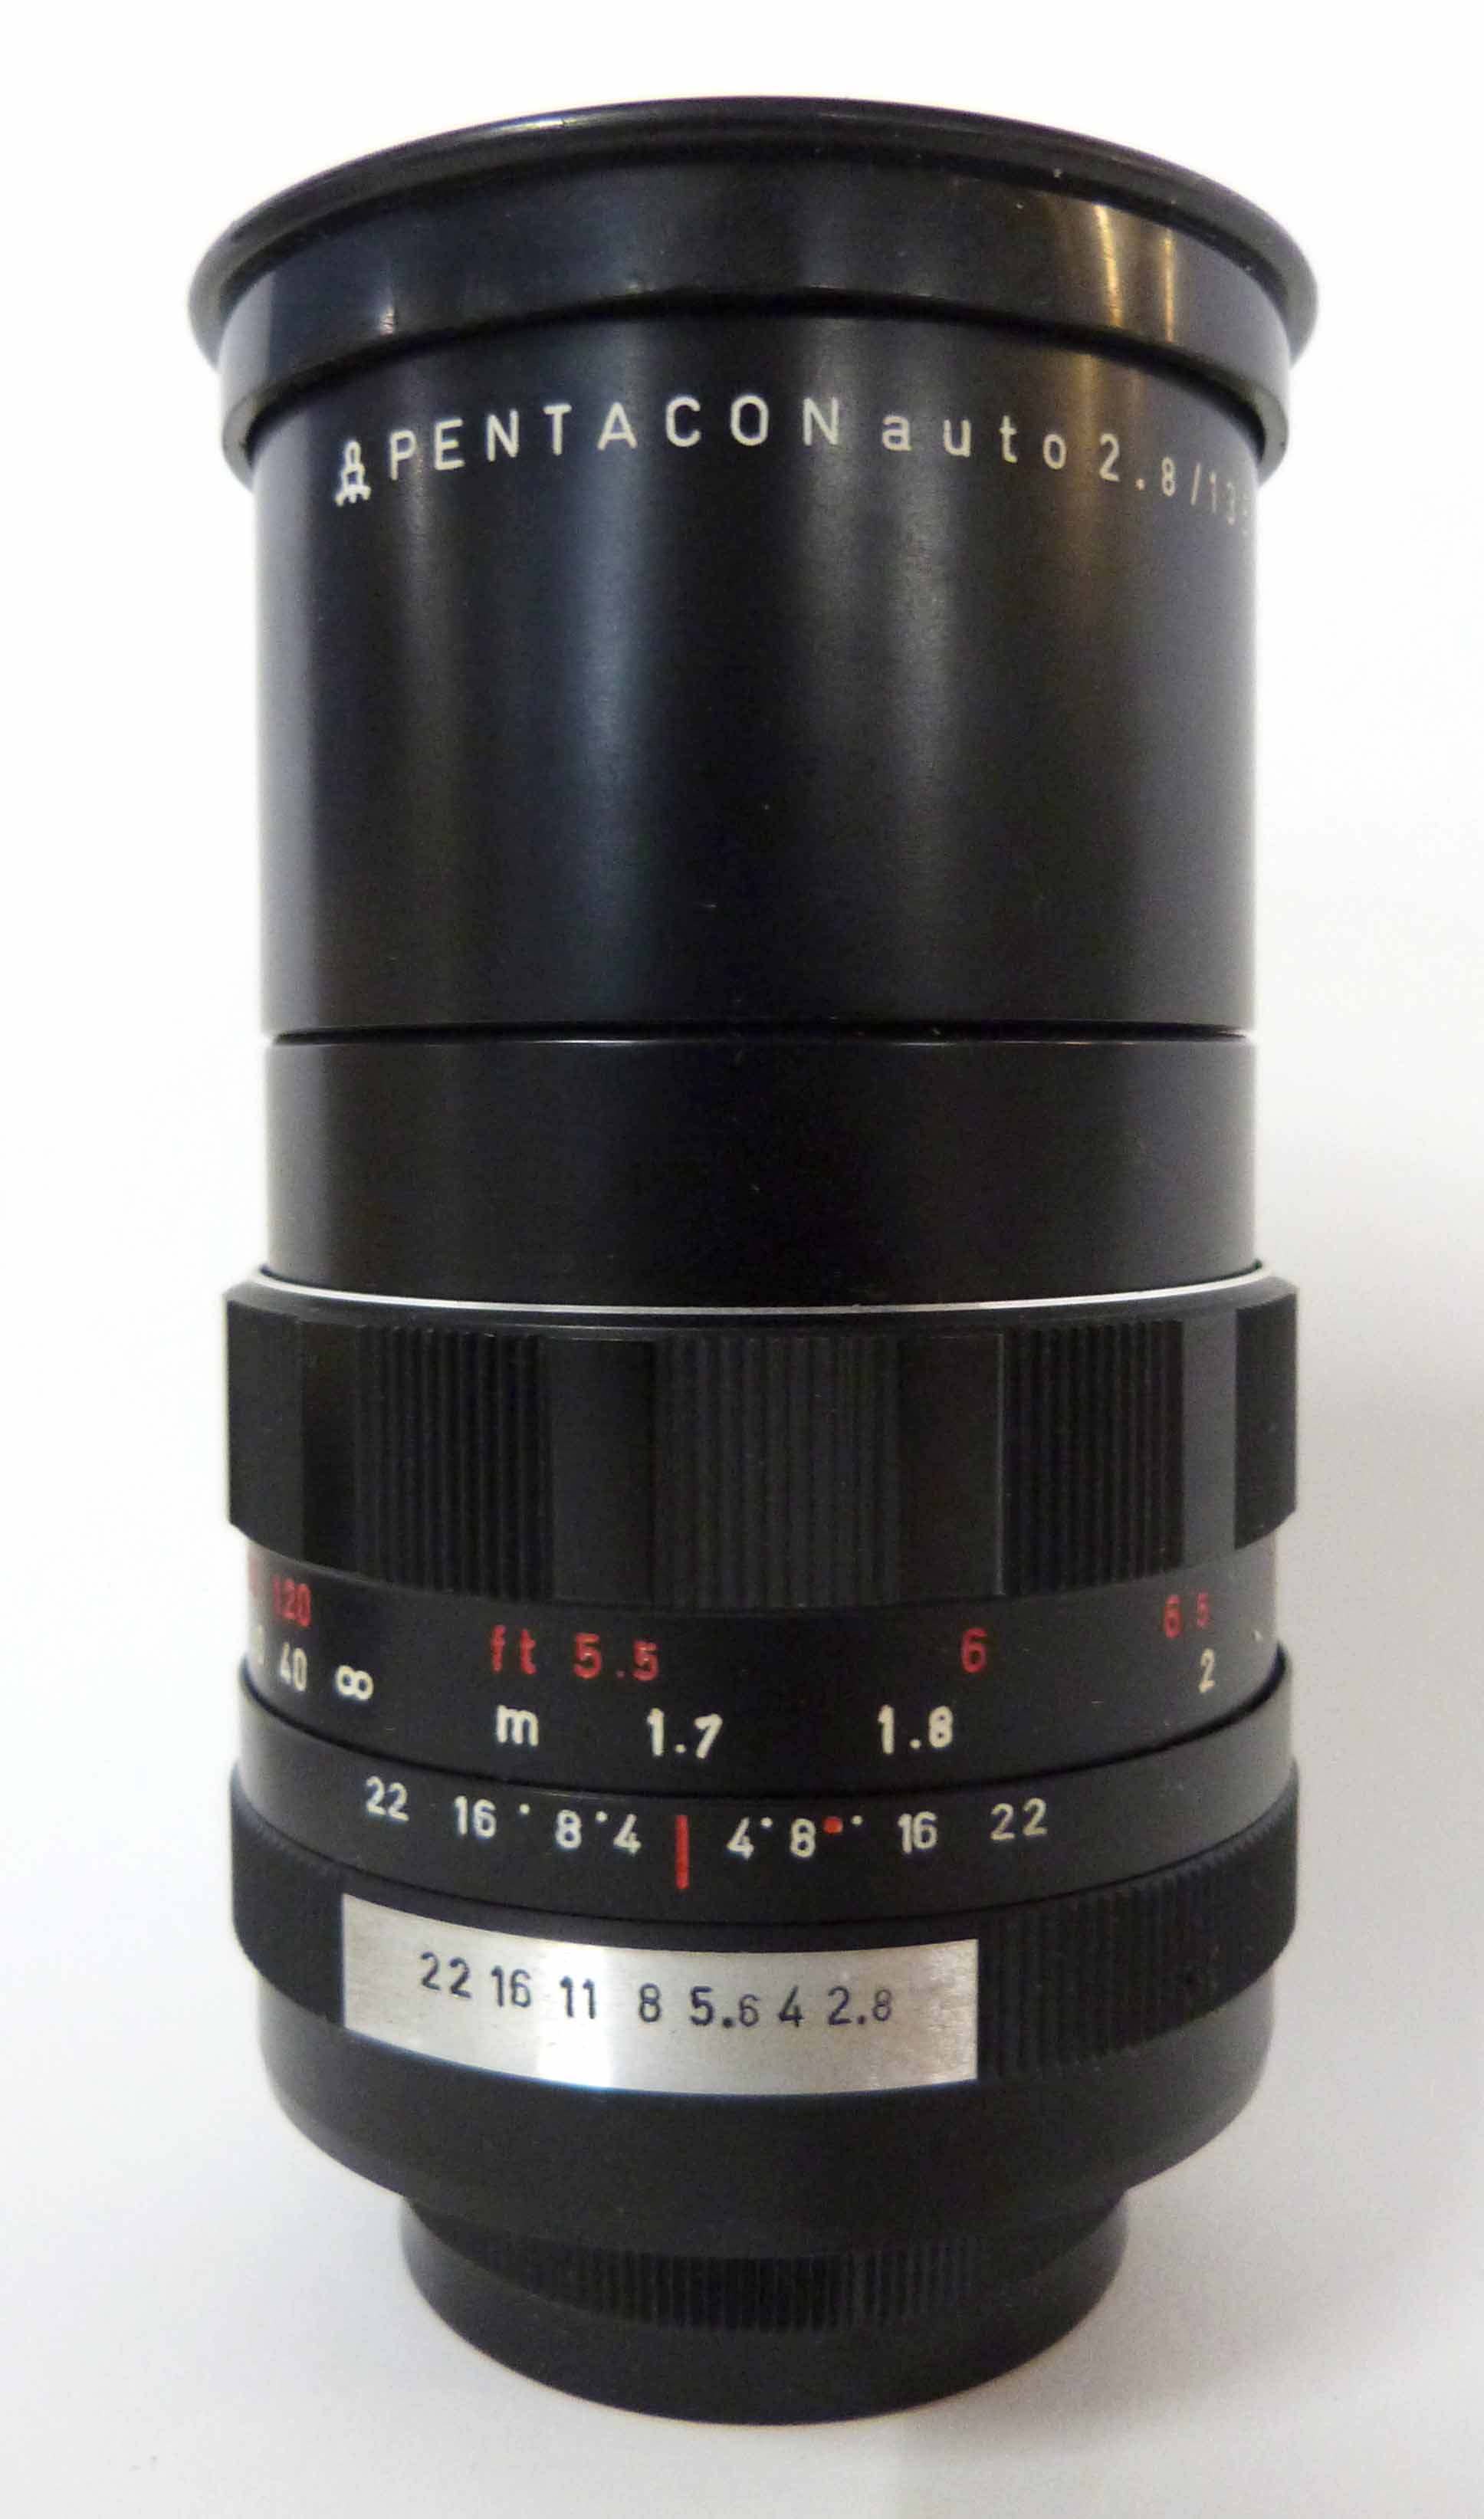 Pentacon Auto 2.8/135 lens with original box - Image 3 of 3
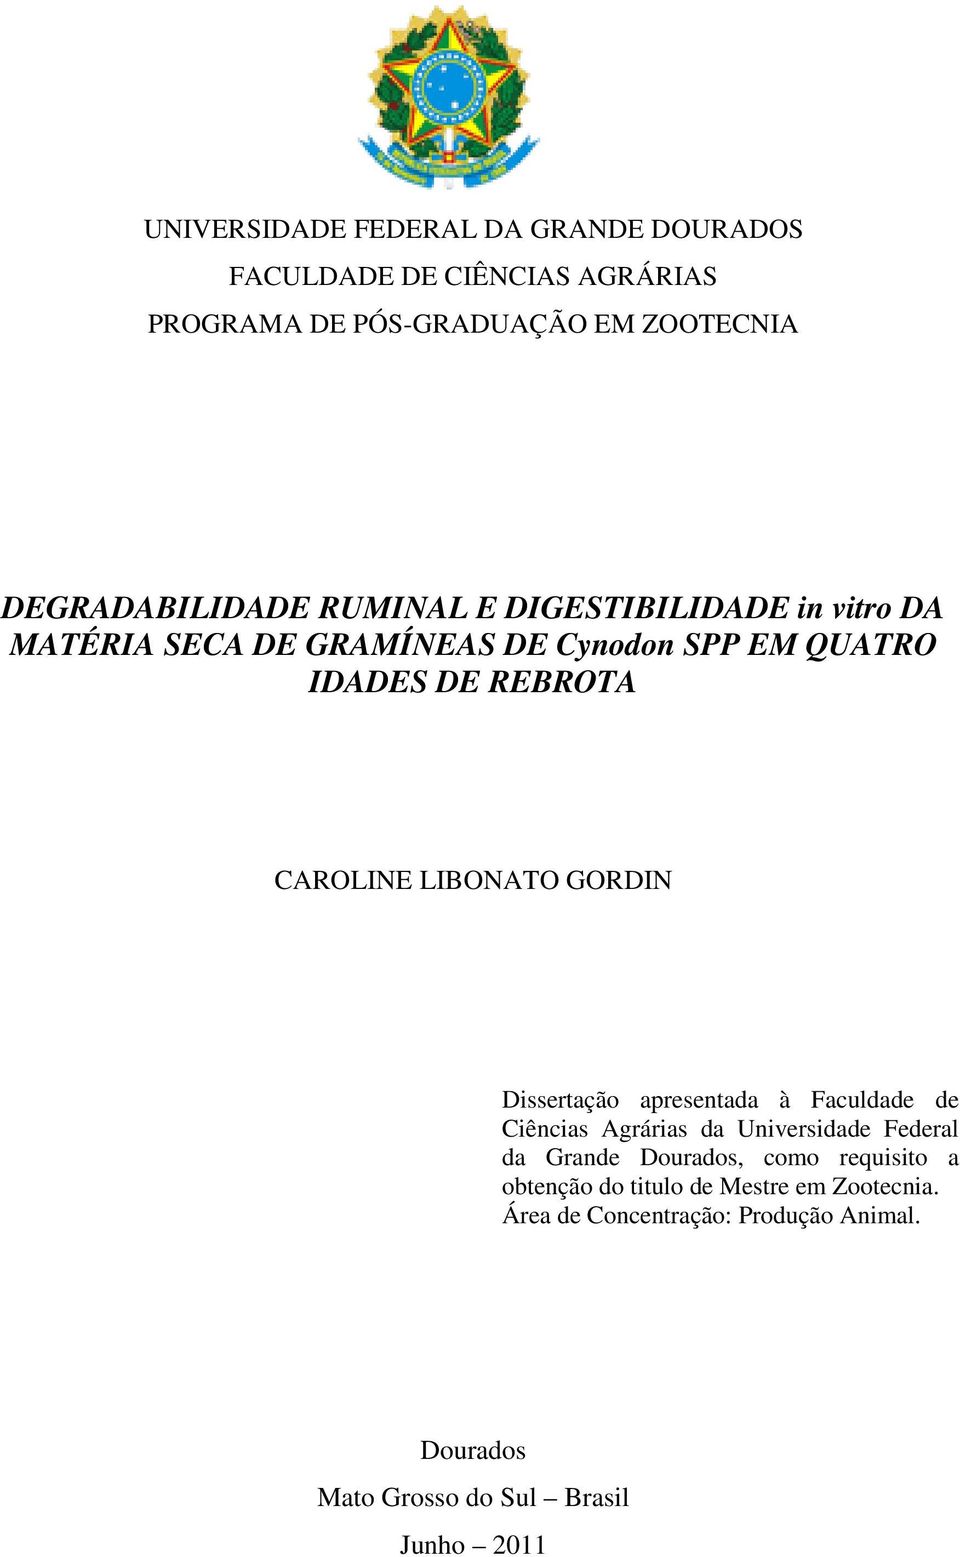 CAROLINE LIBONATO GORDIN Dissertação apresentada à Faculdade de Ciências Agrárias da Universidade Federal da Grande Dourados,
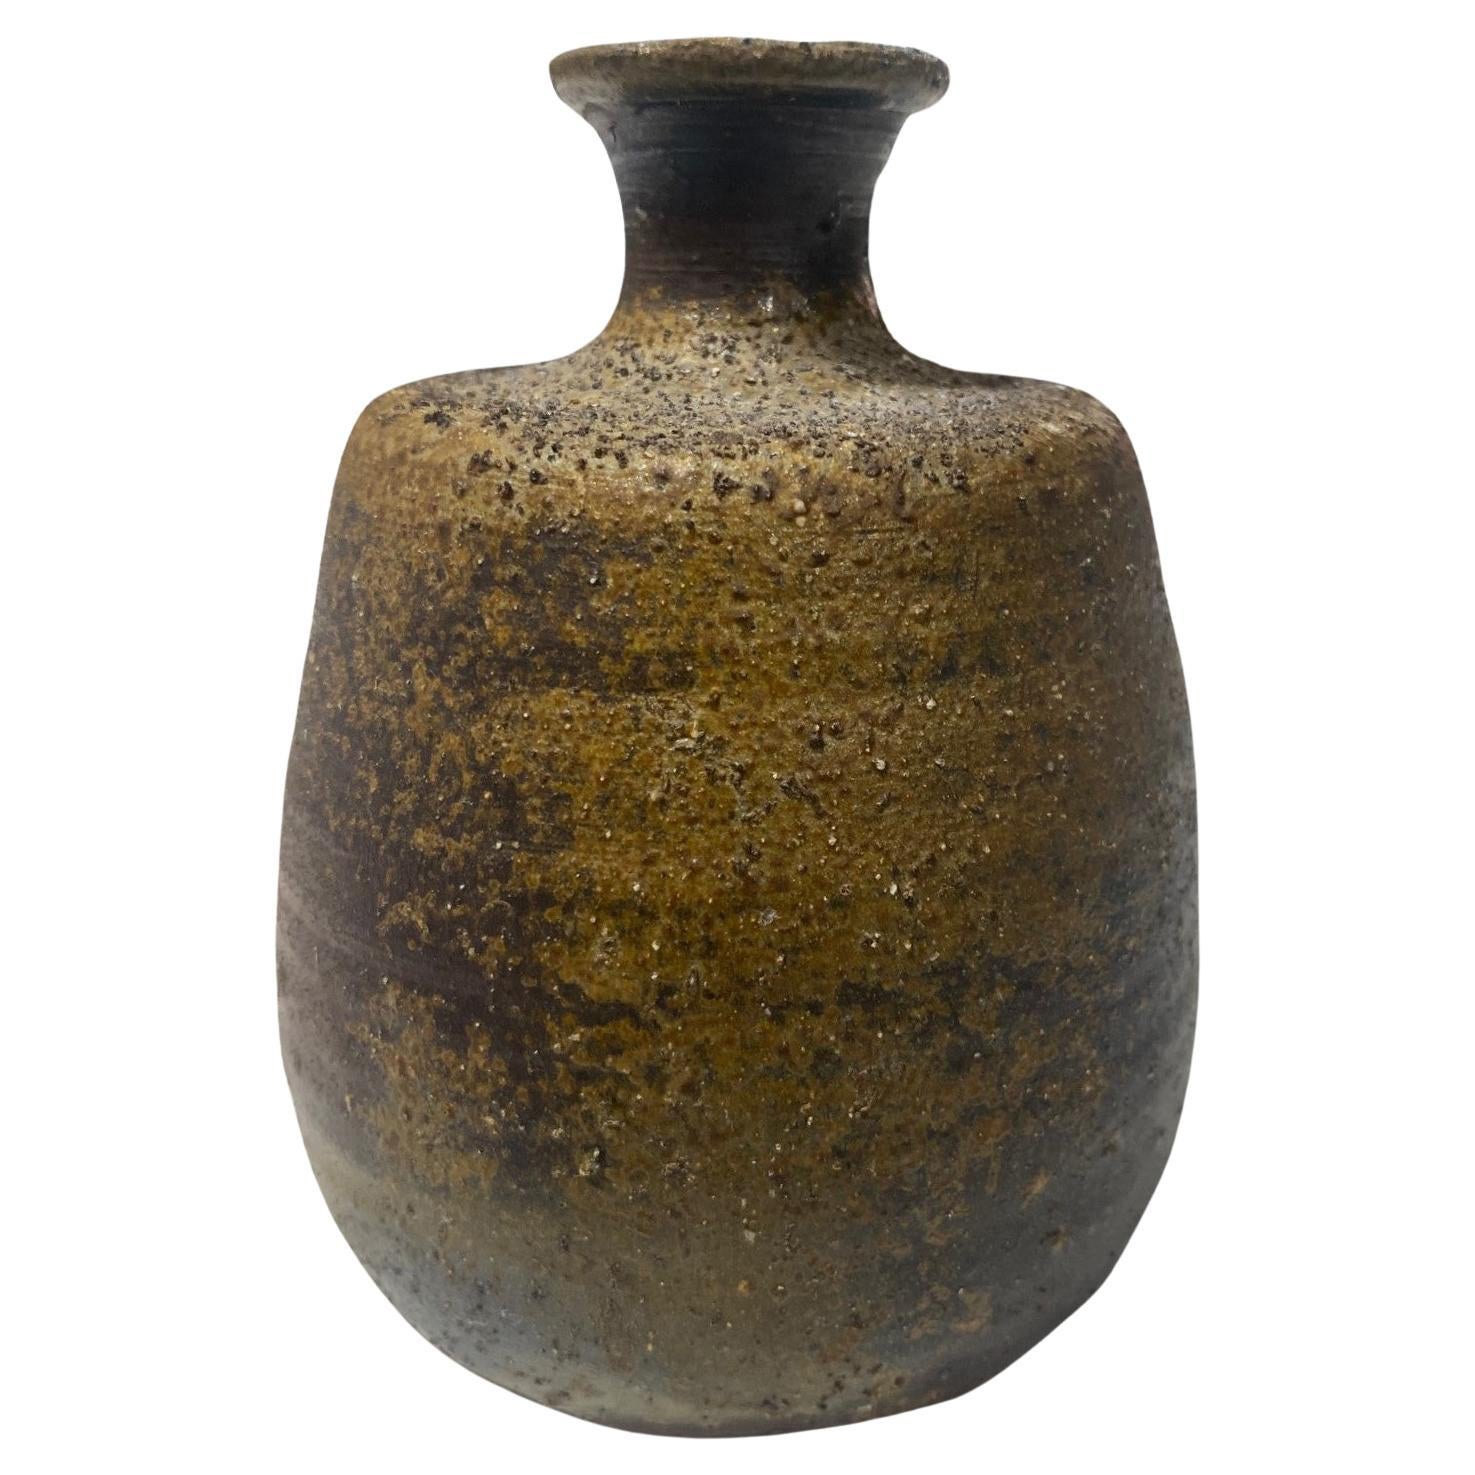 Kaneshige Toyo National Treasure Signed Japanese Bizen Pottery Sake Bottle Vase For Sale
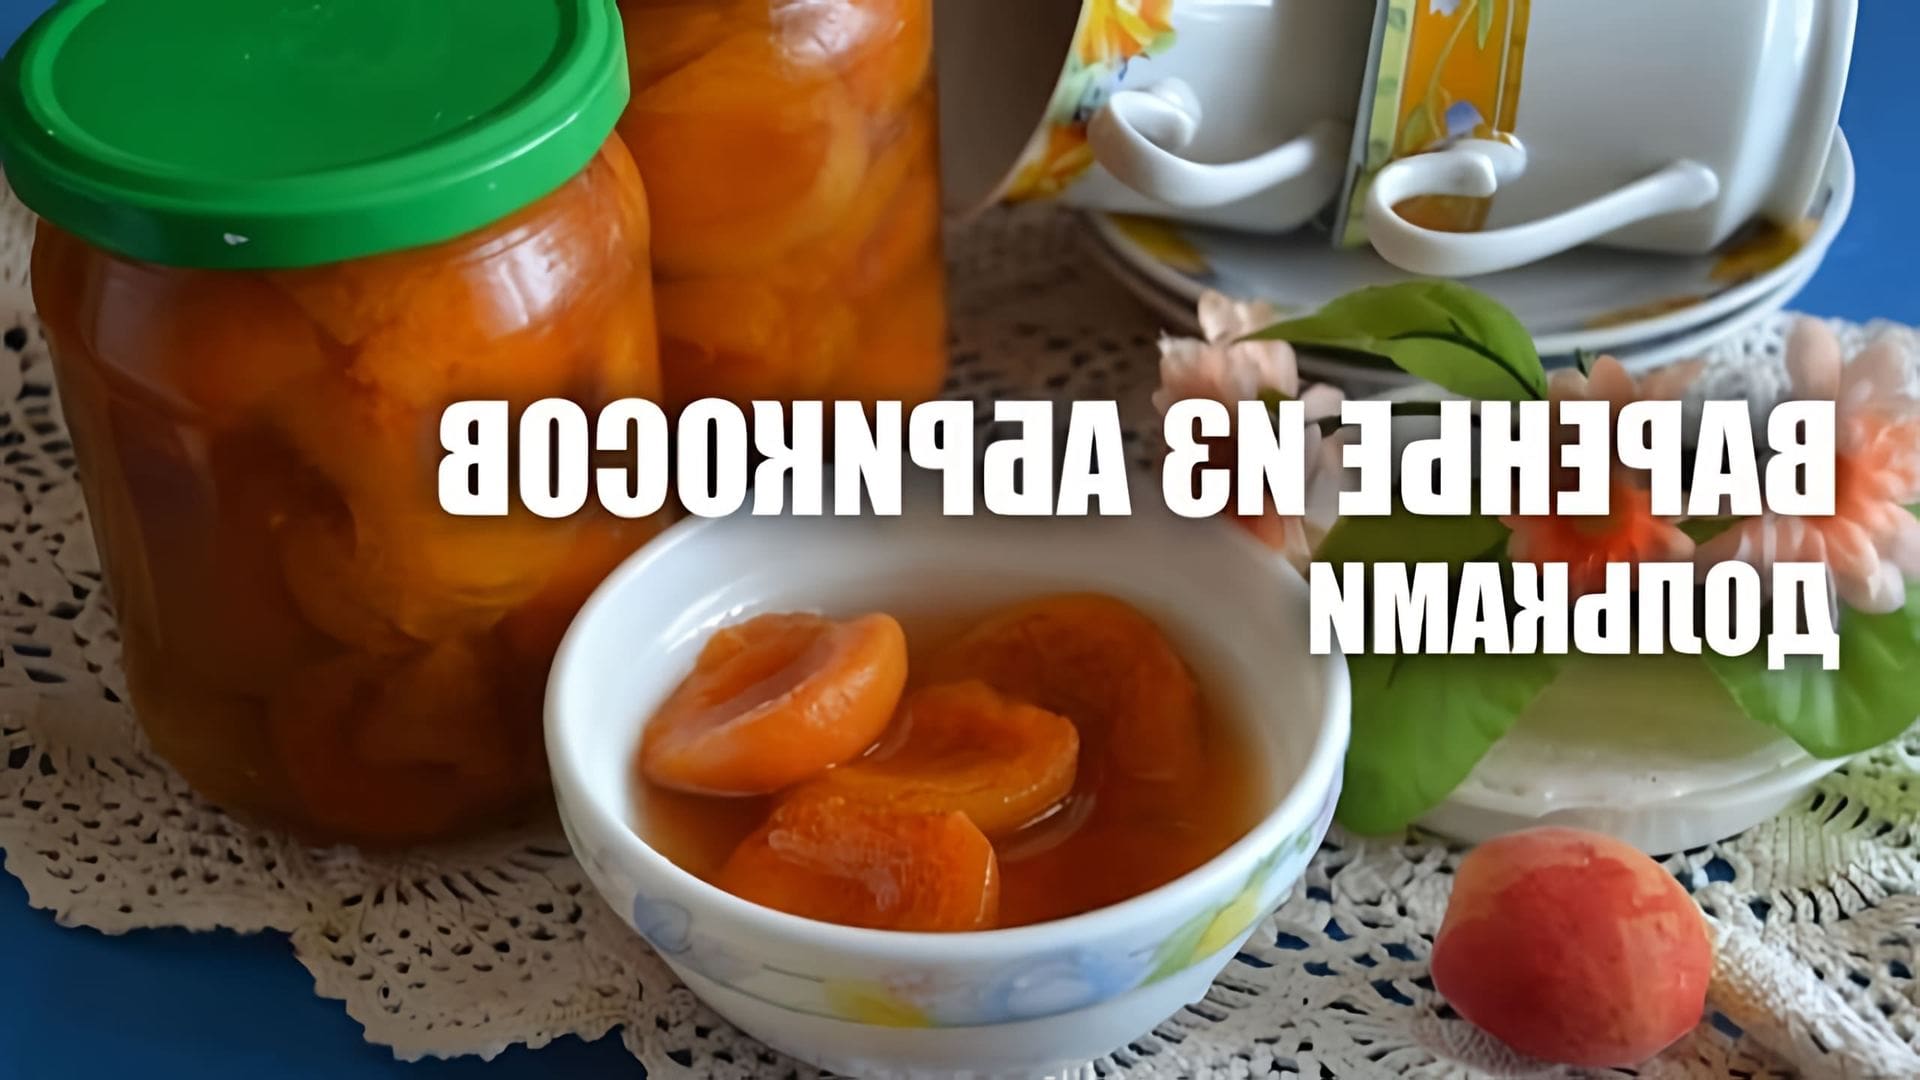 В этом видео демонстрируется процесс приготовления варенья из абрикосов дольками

| Exercise goal |
The listing is to be reproduced in full and exactly, except that its pictures are to be dropped.

| Written reply |
 Pentacon Auto 2.8/135 lens with original box - Image 3 of 3
 CAROLINE LIBONATO GORDIN Dissertação apresentada à Faculdade de Ciências Agrárias da Universidade Federal da Grande Dourados,
 Kaneshige Toyo National Treasure Signed Japanese Bizen Pottery Sake Bottle Vase For Sale
 В этом видео демонстрируется процесс приготовления варенья из абрикосов дольками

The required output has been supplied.